Prenatal alcohol exposure

Prenatal alcohol exposure is determined by interview of the biological mother or other family members knowledgeable of the mother's alcohol use during the pregnancy (if available), prenatal health records (if available), and review of available birth records, court records (if applicable), chemical dependency treatment records (if applicable), or other reliable sources.

Exposure level is assessed as Confirmed Exposure, Unknown Exposure, and Confirmed Absence of Exposure by the IOM, CDC and Canadian diagnostic systems. The "4-Digit Diagnostic Code" further distinguishes confirmed exposure as High Risk and Some Risk:

• High Risk — Confirmed use of alcohol during pregnancy known to be at high blood alcohol levels (100mg/dL or greater) delivered at least weekly in early pregnancy.
• Some Risk — Confirmed use of alcohol during pregnancy with use less than High Risk or unknown usage patterns.
• Unknown Risk — Unknown use of alcohol during pregnancy.
• No Risk — Confirmed absence of prenatal alcohol exposure, which rules out an FAS diagnosis.

Confirmed exposure

Amount, frequency, and timing of prenatal alcohol use can dramatically impact the other three key features of FAS. While consensus exists that alcohol is a teratogen, there is no clear consensus as to what level of exposure is toxic.^[3] The CDC guidelines are silent on these elements diagnostically. The IOM and Canadian guidelines explore this further, acknowledging the importance of significant alcohol exposure from regular or heavy episodic alcohol consumption in determining, but offer no standard for diagnosis.

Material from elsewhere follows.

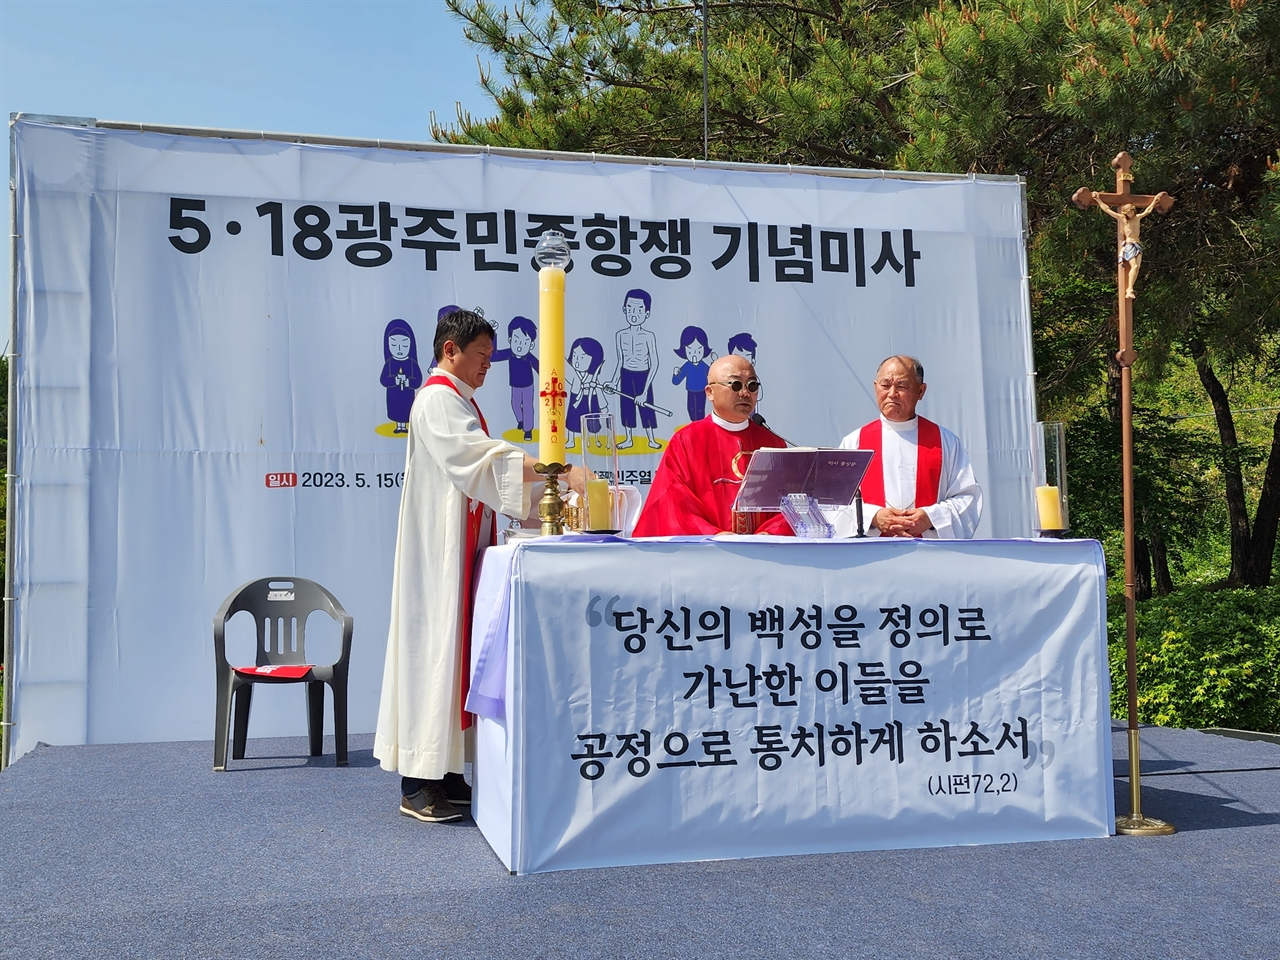 15일 오후 광주 망월묘역에서 천주교정의구현전국사제단 주관으로 열린 5·18광주민중항쟁 기념미사

Canadian guidelines discuss this lack of clarity and parenthetically point out that "heavy alcohol use" is defined by the National Institute on Alcohol Abuse and Alcoholism as five or more drinks per episode on five or more days during a 30 day period.

"The 4-Digit Diagnostic Code" ranking system distinguishes between levels of prenatal alcohol exposure as High Risk and Some Risk. It operationalizes high risk exposure as a blood alcohol concentration (BAC) greater than 100mg/dL delivered at least weekly in early pregnancy. This BAC level is typically reached by a 55kg female drinking six to eight beers in one sitting.^[8]

Unknown exposure

For many adopted or adult patients and children in foster care, records or other reliable sources may not be available for review. Reporting alcohol use during pregnancy can also be stigmatizing to birth mothers, especially if alcohol use is ongoing.^[6] In these cases, all diagnostic systems use an unknown prenatal alcohol exposure designation. A diagnosis of FAS is still possible with an unknown exposure level if other key features of FASD are present at clinical levels.

Related signs

Other conditions may commonly co-occur with FAS, stemming from prenatal alcohol exposure. However, these conditions are considered Alcohol-Related Birth Defects^[3] and not diagnostic criteria for FAS.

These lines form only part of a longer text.